Write the data out again, character for character, with no images.

• Recorded information:

________

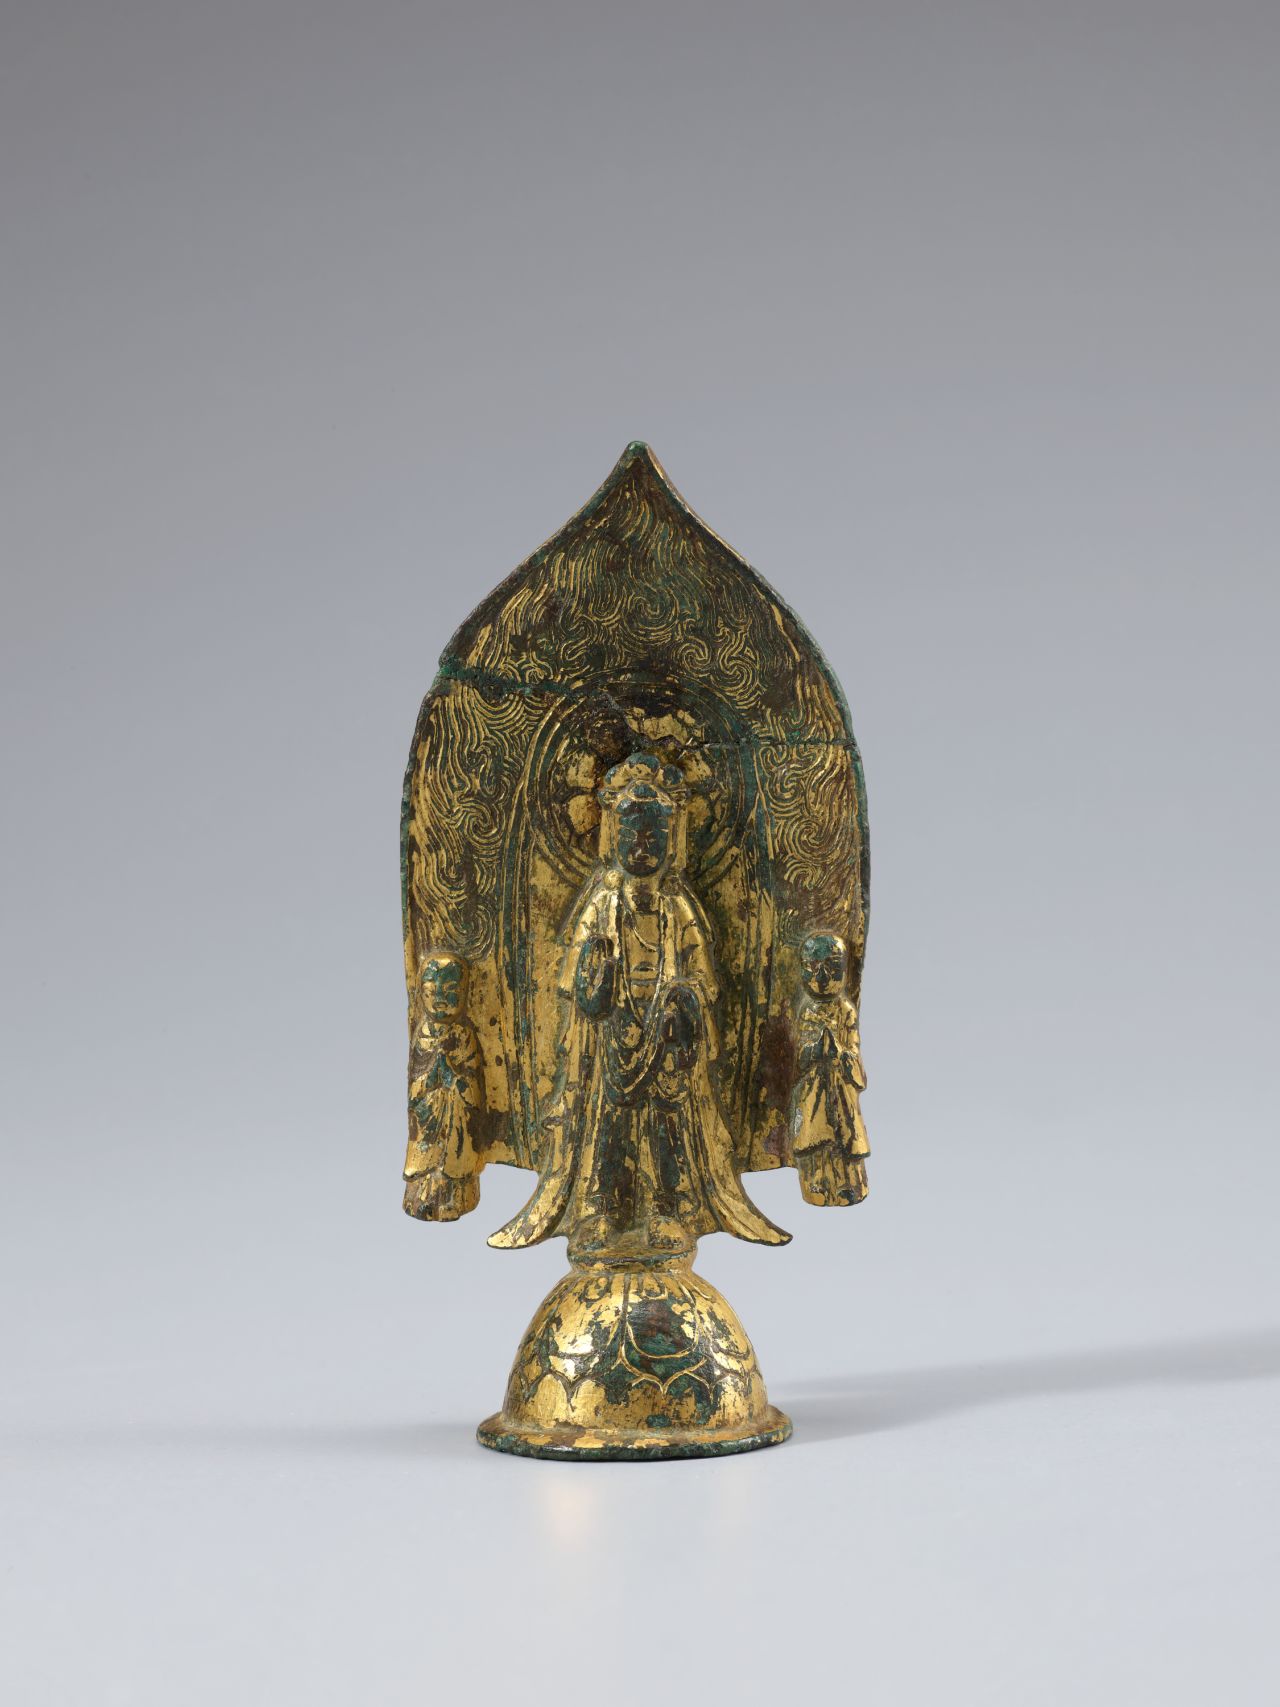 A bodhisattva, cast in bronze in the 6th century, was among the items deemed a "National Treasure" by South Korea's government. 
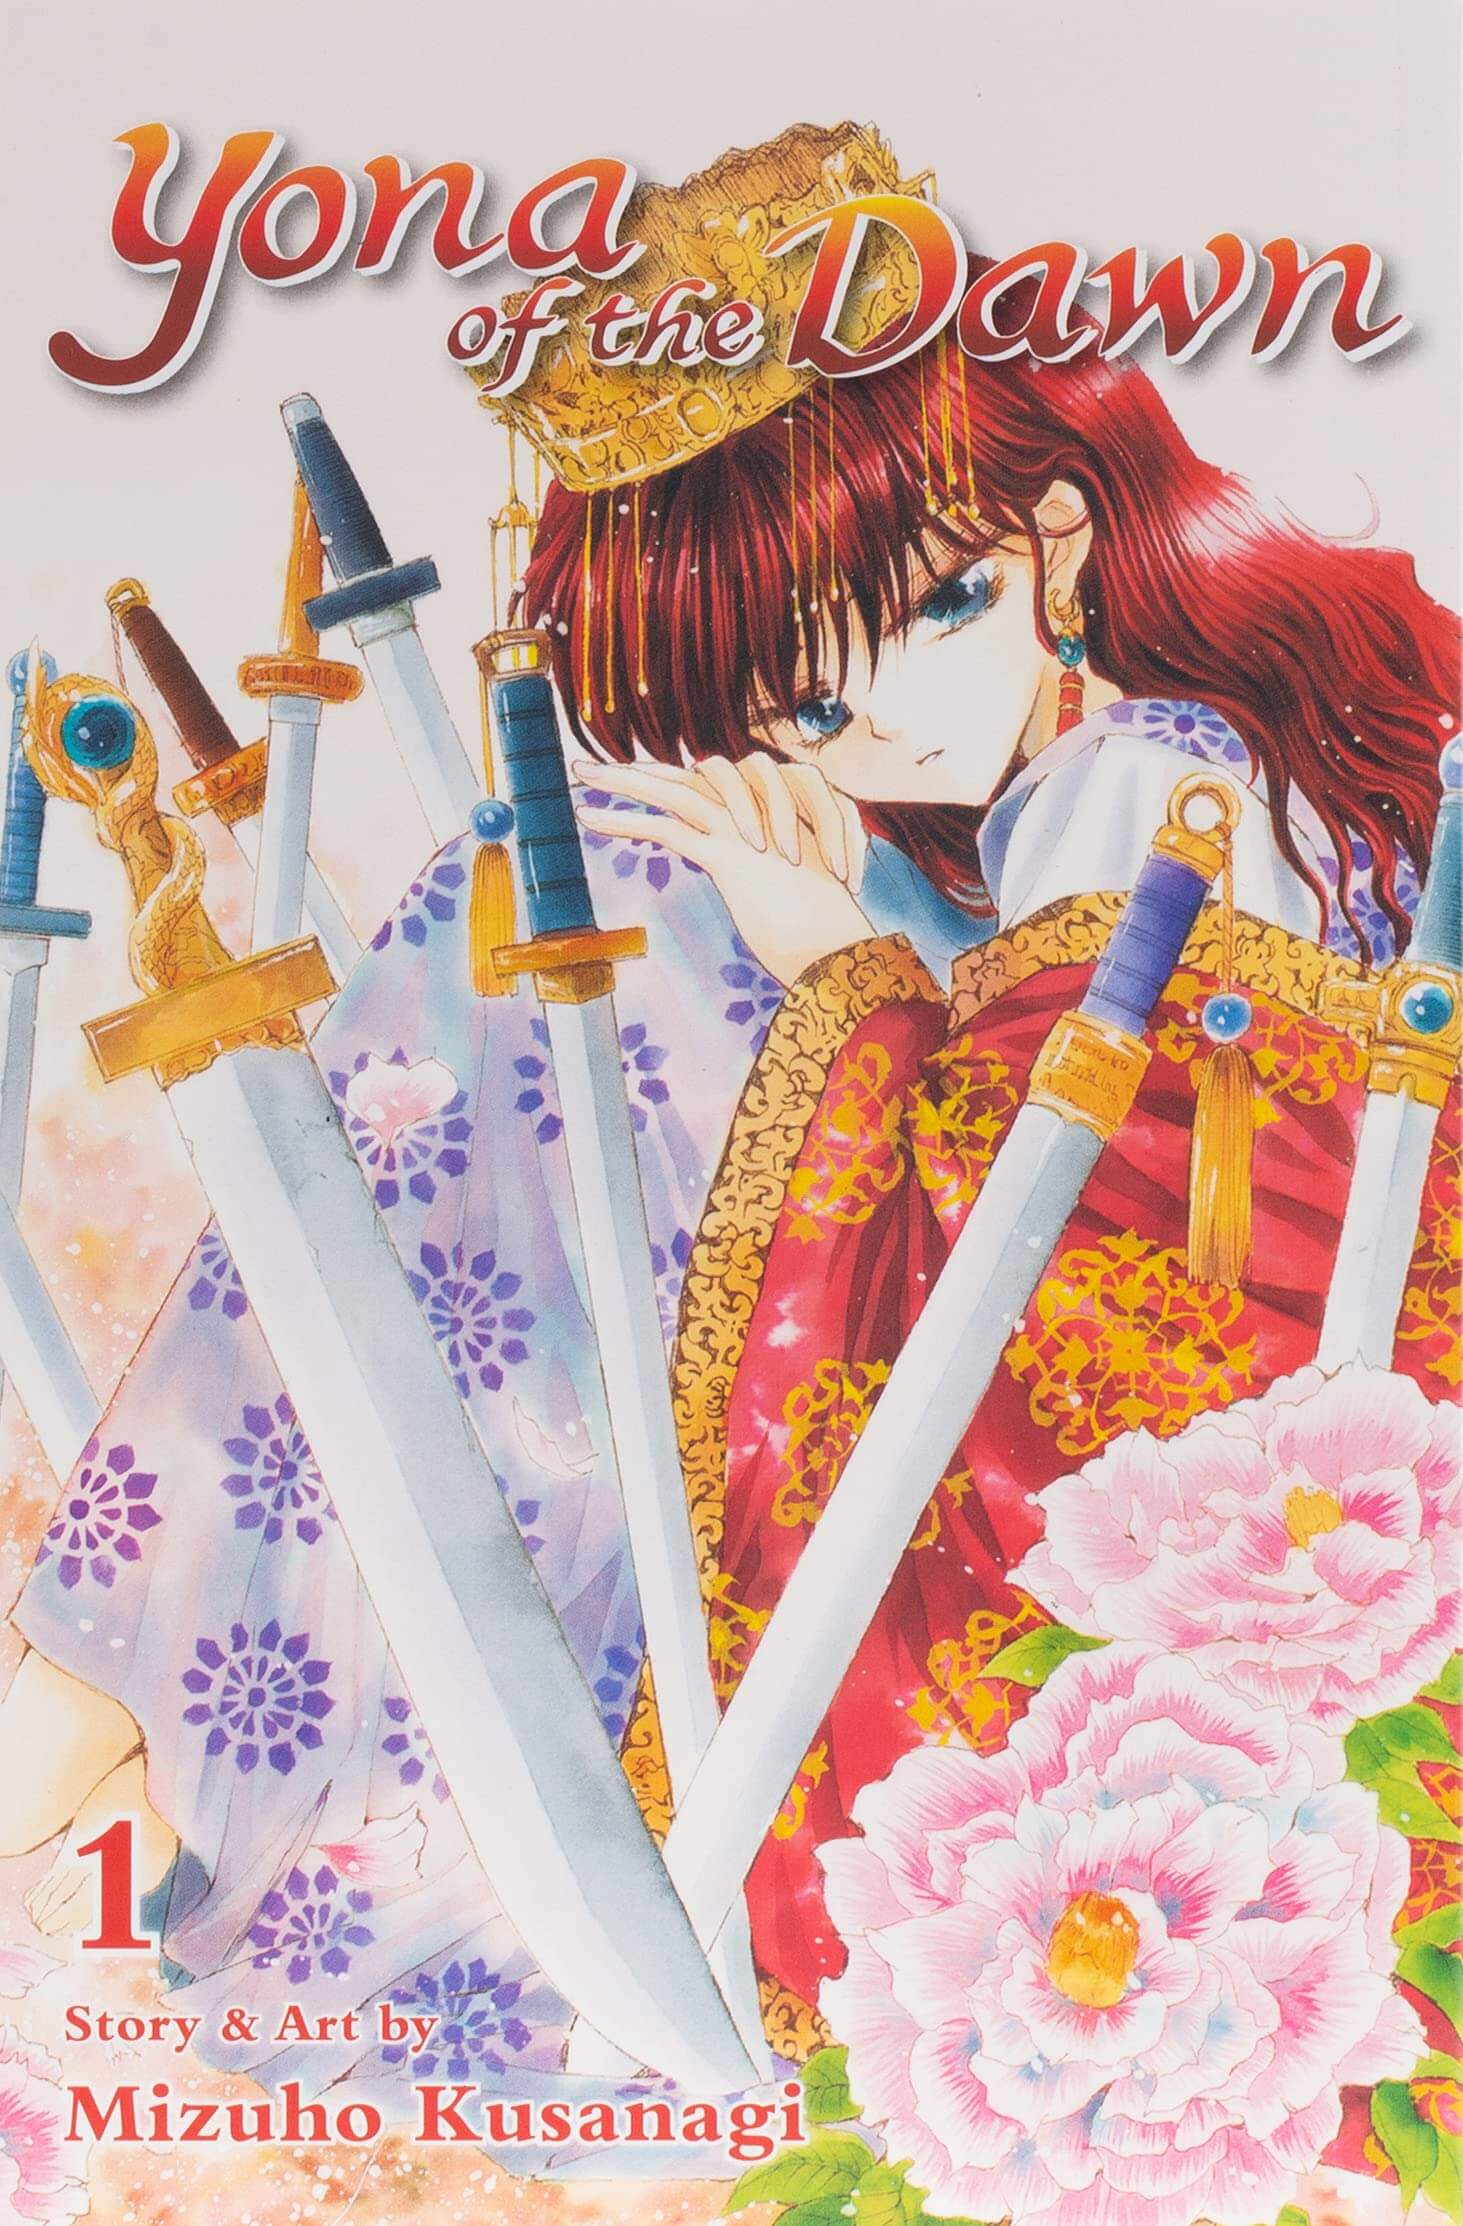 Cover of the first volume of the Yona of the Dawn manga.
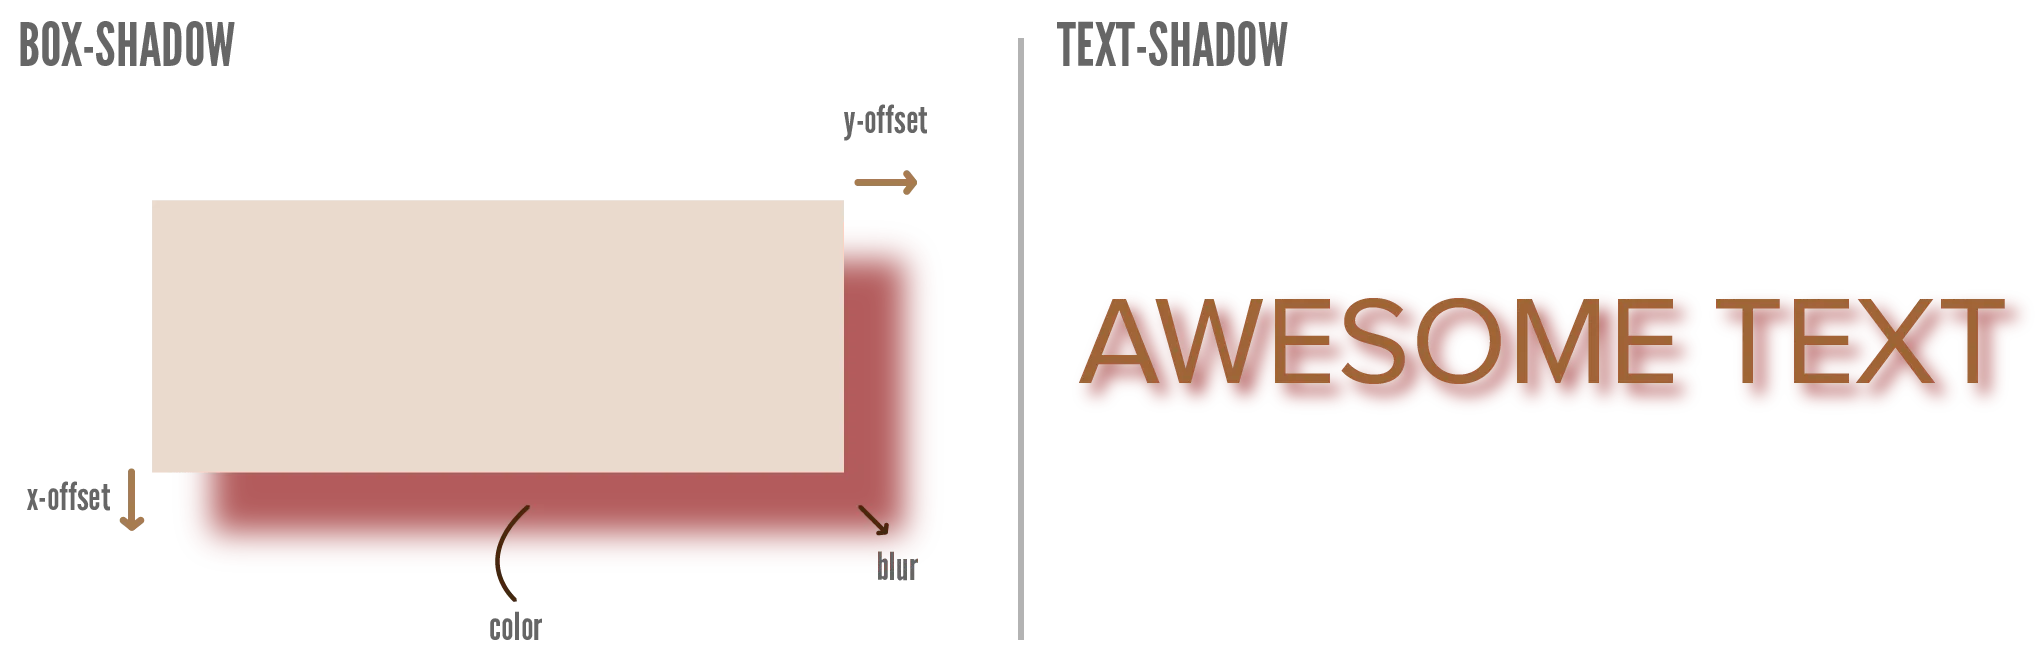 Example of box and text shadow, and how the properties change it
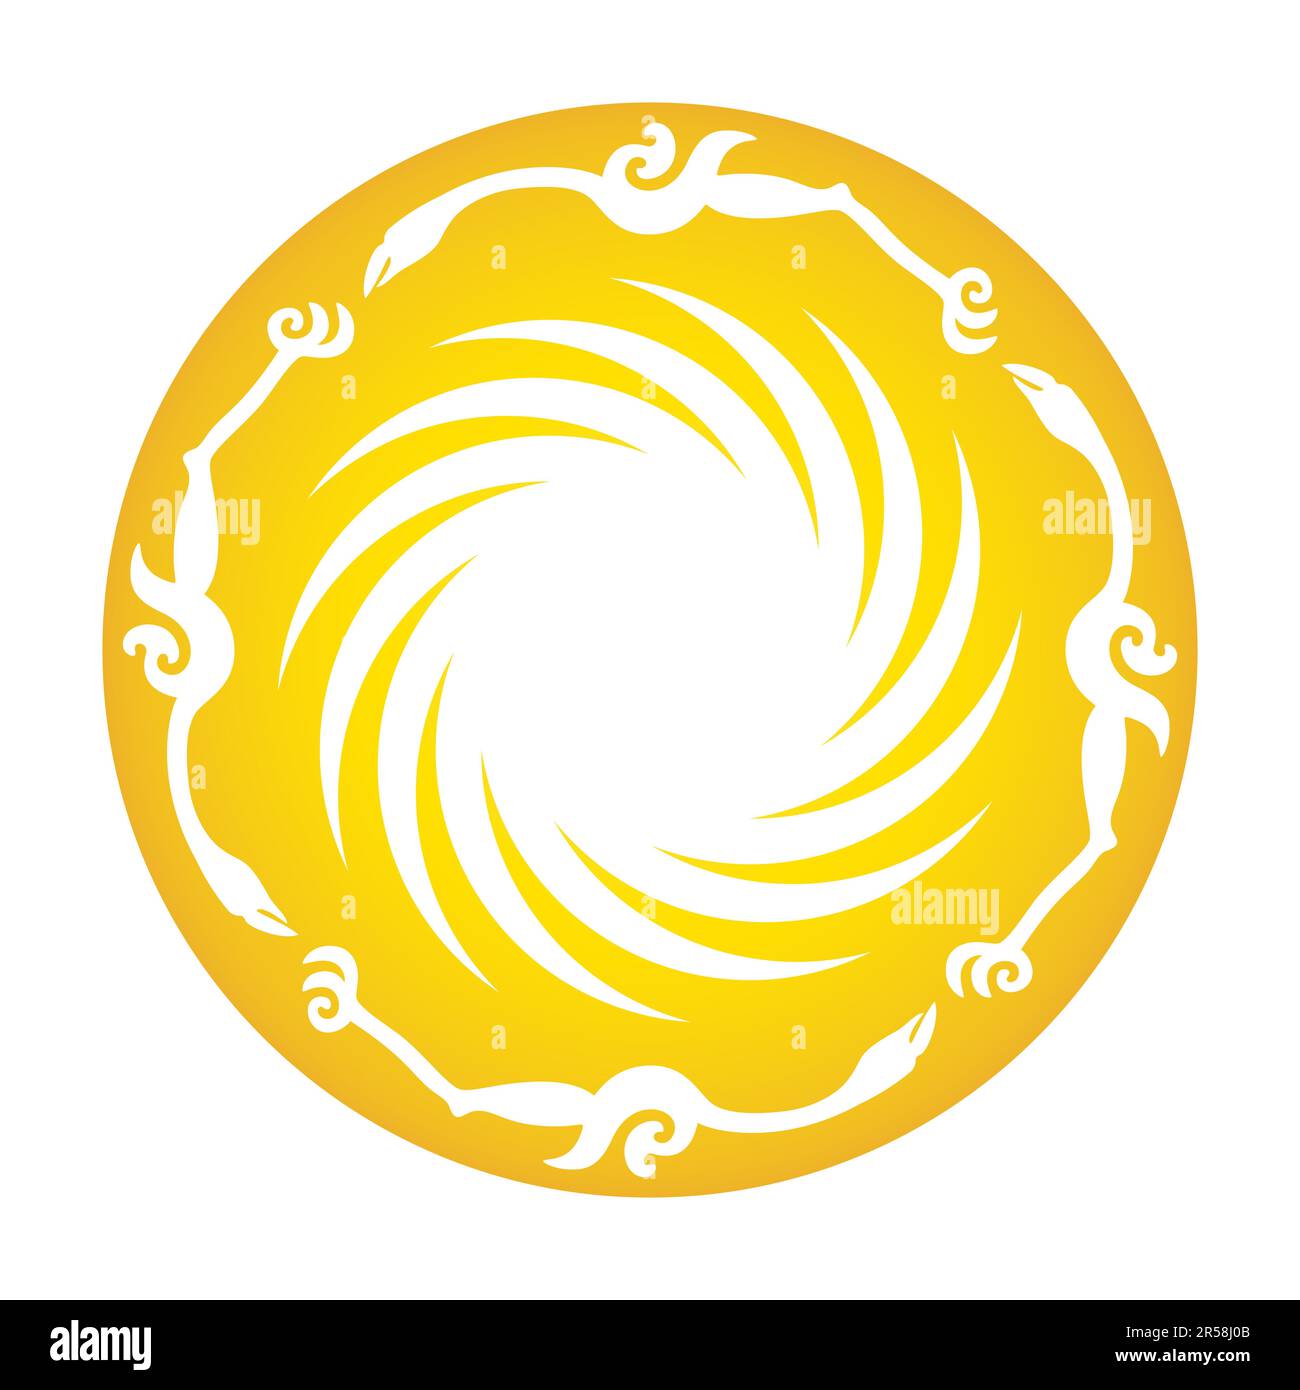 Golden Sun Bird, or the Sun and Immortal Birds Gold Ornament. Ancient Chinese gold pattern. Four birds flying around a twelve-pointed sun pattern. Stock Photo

________

• Expected answer:
 A bodhisattva, cast in bronze in the 6th century, was among the items deemed a "National Treasure" by South Korea's government. 
 Cover of the first volume of the Yona of the Dawn manga.
 Example of box and text shadow, and how the properties change it
 Golden Sun Bird, or the Sun and Immortal Birds Gold Ornament. Ancient Chinese gold pattern. Four birds flying around a twelve-pointed sun pattern. Stock Photo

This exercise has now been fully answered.